Extracted data Block Start

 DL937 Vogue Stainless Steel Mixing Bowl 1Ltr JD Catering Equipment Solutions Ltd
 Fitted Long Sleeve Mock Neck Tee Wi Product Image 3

Extracted data Block End
Extracted data Block Start

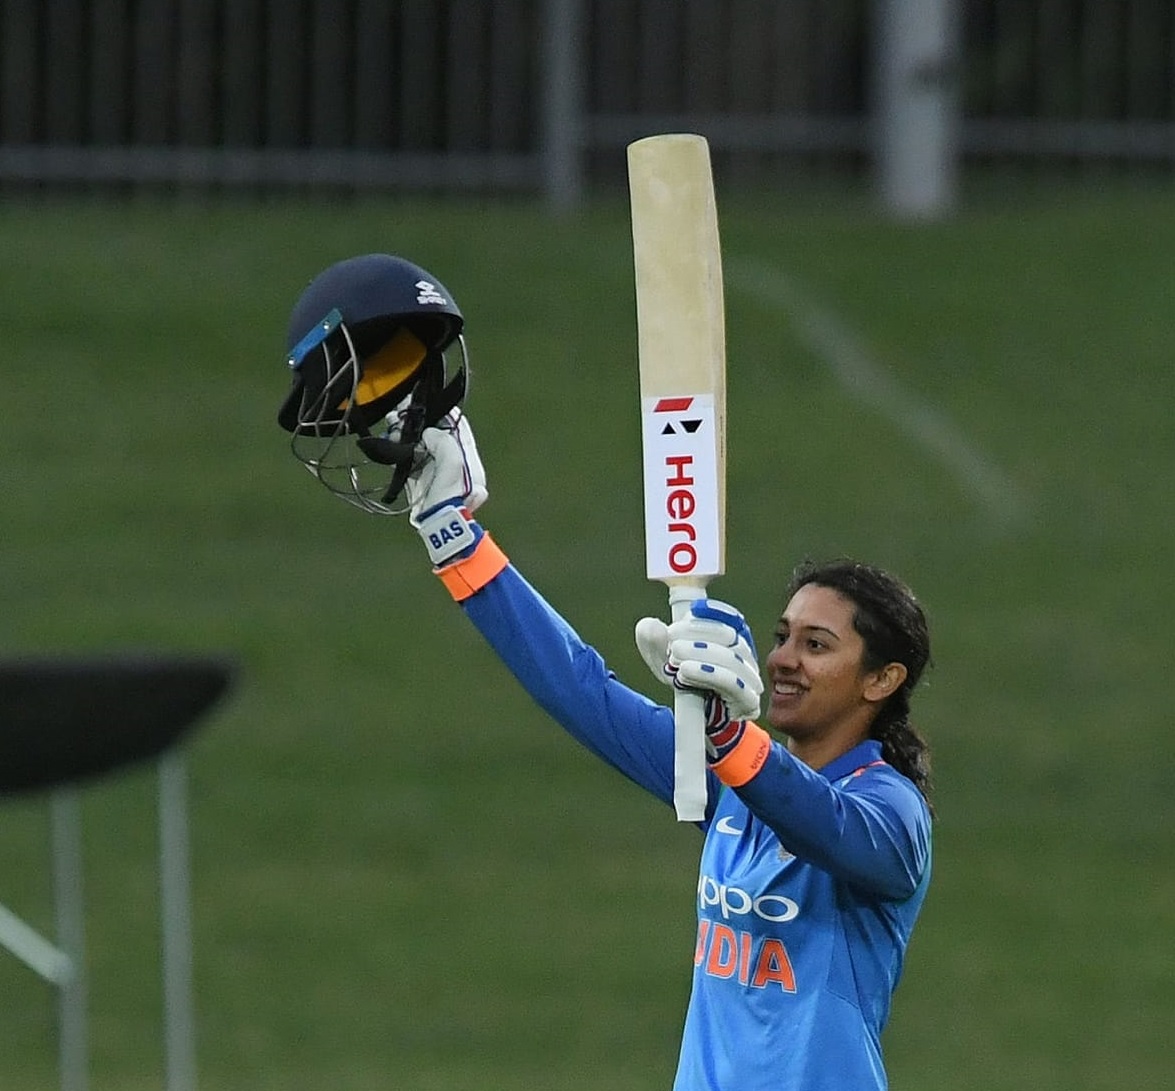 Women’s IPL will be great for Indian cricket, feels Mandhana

Extracted data Block End
Extracted data Block Start

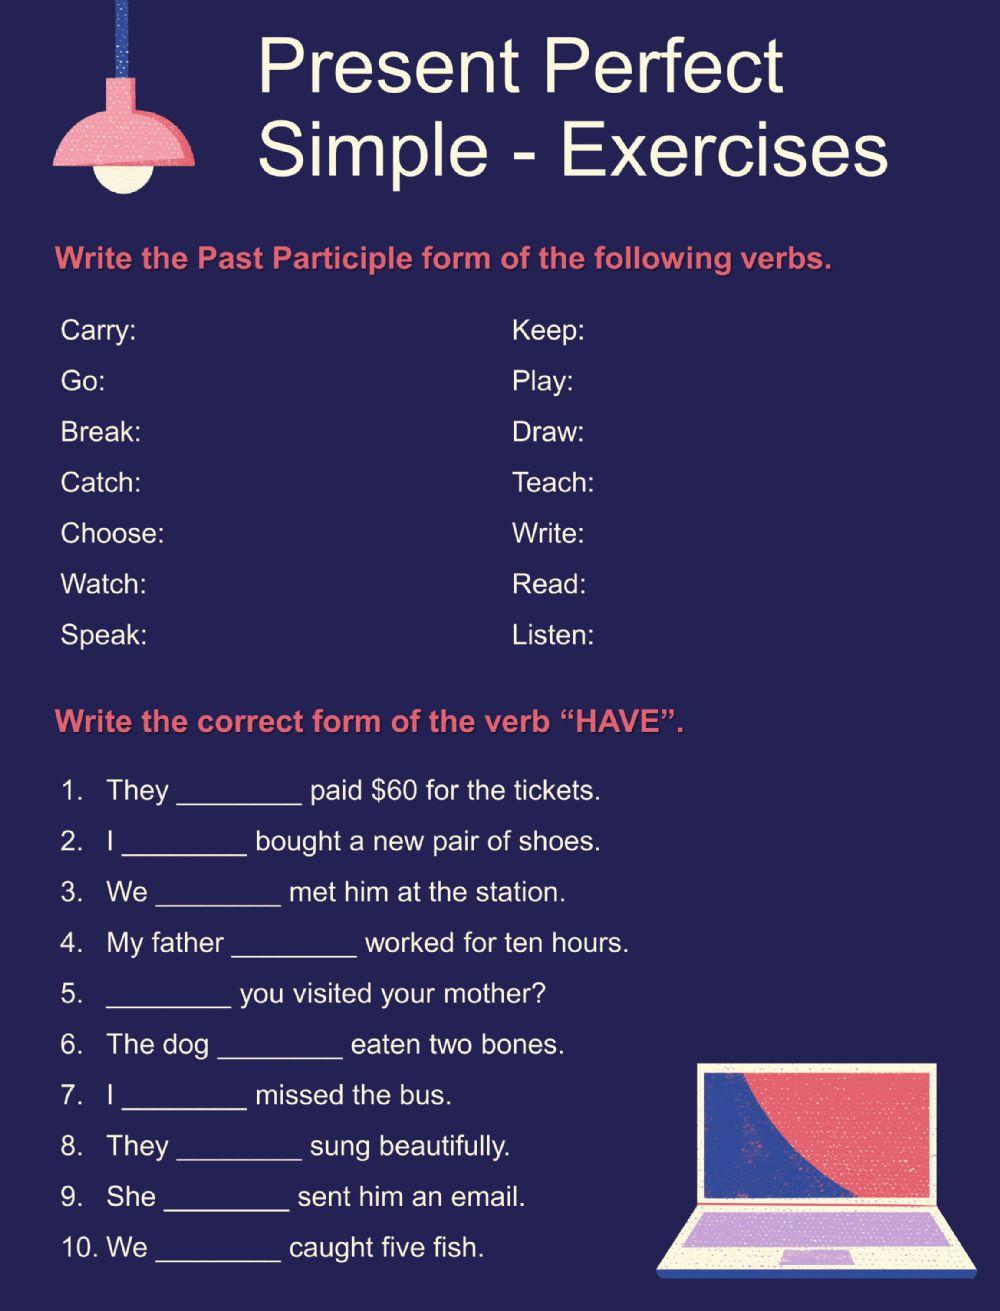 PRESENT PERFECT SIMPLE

Extracted data Block End

*What the task requires*. Of the lines above, output exactly those from the line bearing "DL937 Vogue Stainless" through the line bearing "Fitted Long Sleeve", inclusive.

*Response*.
 DL937 Vogue Stainless Steel Mixing Bowl 1Ltr JD Catering Equipment Solutions Ltd
 Fitted Long Sleeve Mock Neck Tee Wi Product Image 3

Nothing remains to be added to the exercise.